For obvious reasons Turkey was of particular interest to Luftwaffe No. 2. Special Intercept Company's sphere of responsibility was the southern and eastern Balkans, and during 1943, two special operations were organised by this unit with Turkey. A number of Allied agent stations were found by DF to be in Turkey. An NCO was smuggled into Turkey in the early summer 1943 with a portable DF unit and a close-range intercept receiver. The NCO's function was to pinpoint a number of these agent stations with a mission that was to last two months. The second operation started in September 1943, when three NCO operations were sent under commercial cover and by arrangement with the Abwehr, to establish an intercept unit in Istanbul. This unit was in operation for some months as a detached intercept station under the direct operational control of the company HQ in Sofia.

====Operation Donar====
Operation Donar took place in the unoccupied zone of France in August 1942. The presence of a number of Allied WT agents in this area being known as the result of DF operations, the German government obtained the formal consent of the government administration of the Vichy France to despatch a mobile unit expedition to close them down. The operation was directed by the Sicherheitspolizei and the technical equipment and personnel was provided by the Orpo Funkabwehrdienst in Paris. The expedition was on a large scale, with all the Orpo mobile units in France taking part with some units from the Netherlands temporarily withdrawn to take part in the operation. These were divided into a number of small groups each of which was accompanied by a small Sicherheitspolizei unit and, in some cases, also by an Abwehr III detachment. Each group operated in a different area and in this way the whole of unoccupied France was covered.

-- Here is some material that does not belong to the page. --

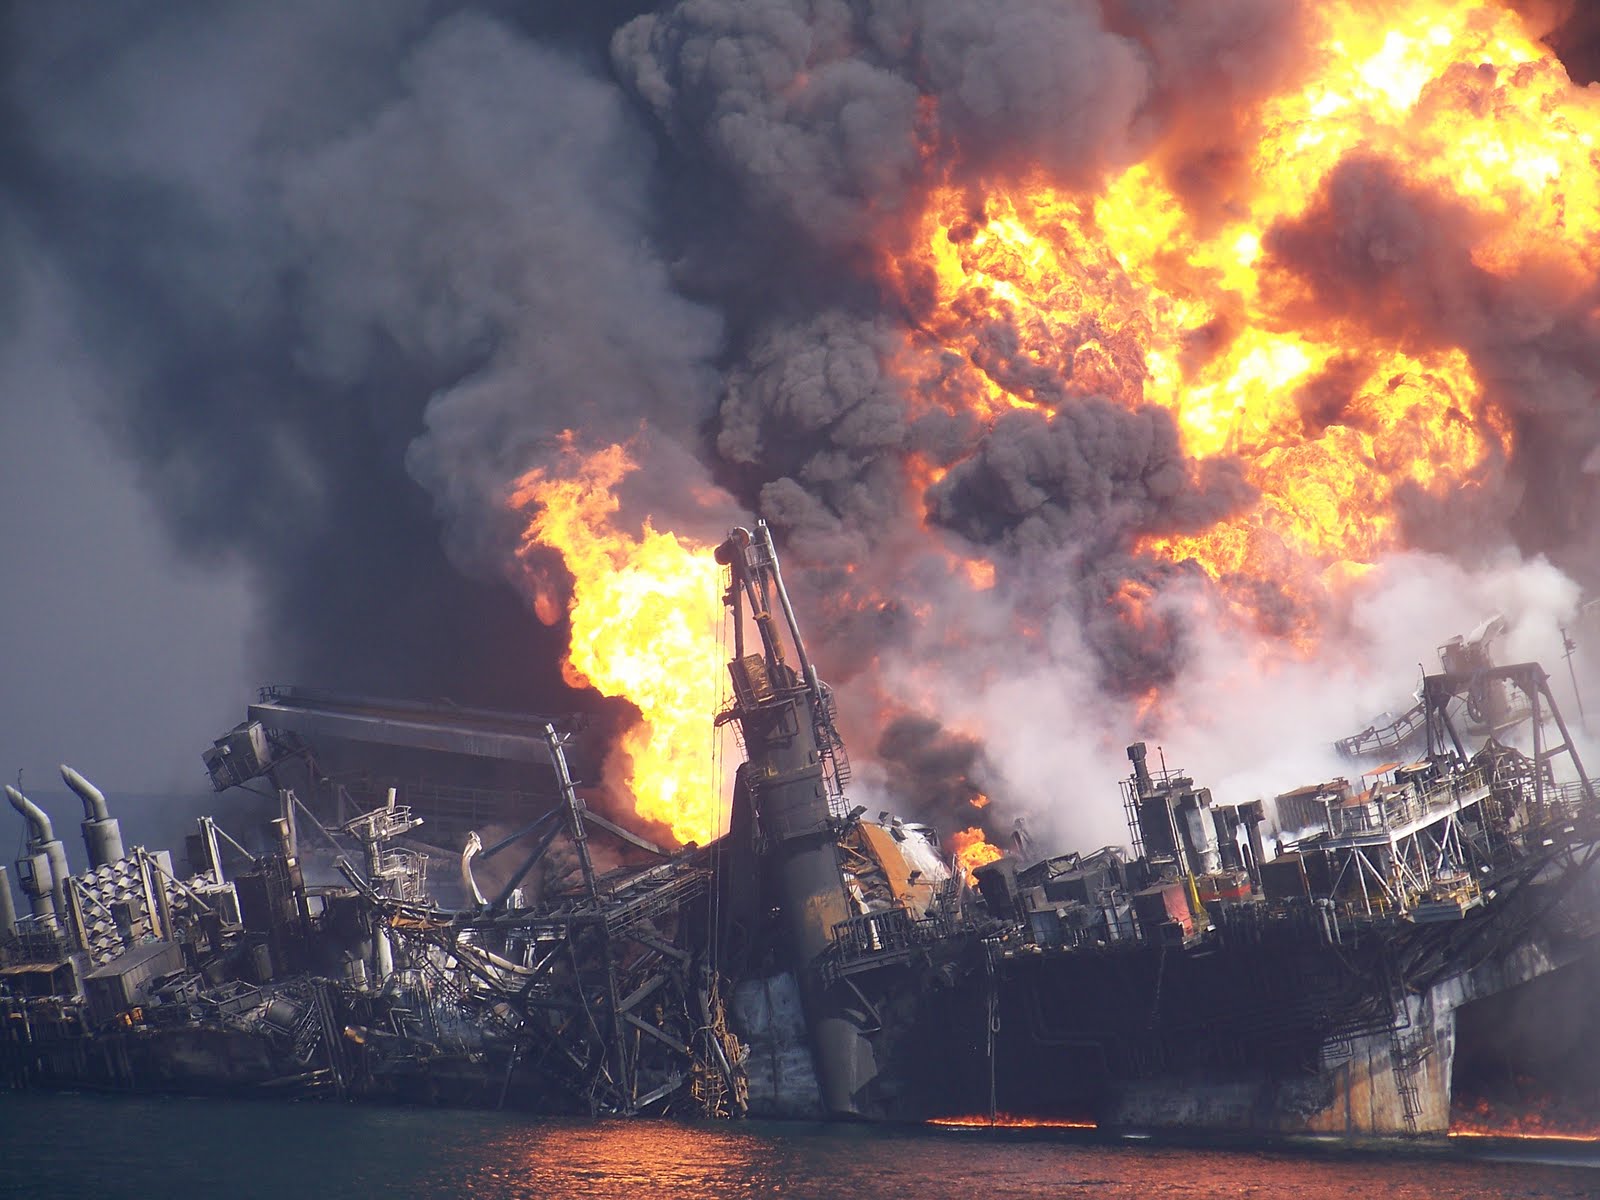 Аварии взрывы катастрофы. Дипвотер хорайзон. Взрыв нефтяной платформы Deepwater Horizon. Взрыв нефтяной платформы в мексиканском заливе 20 апреля 2010. Взрыв нефтяной платформы Deepwater Horizon - 20 апреля 2010 года.

The organisation and particularly the cover arrangement of the expedition appear to have been extremely faulty. Few French-speaking personnel took part and the steps taken to preserve secrecy were very ineffective. Consequently, results were smaller and did not come up to the expectation of the promoters of the operation. Six clandestine stations were located and closed down. The operation was closed down just before the German entry into the unoccupied zone.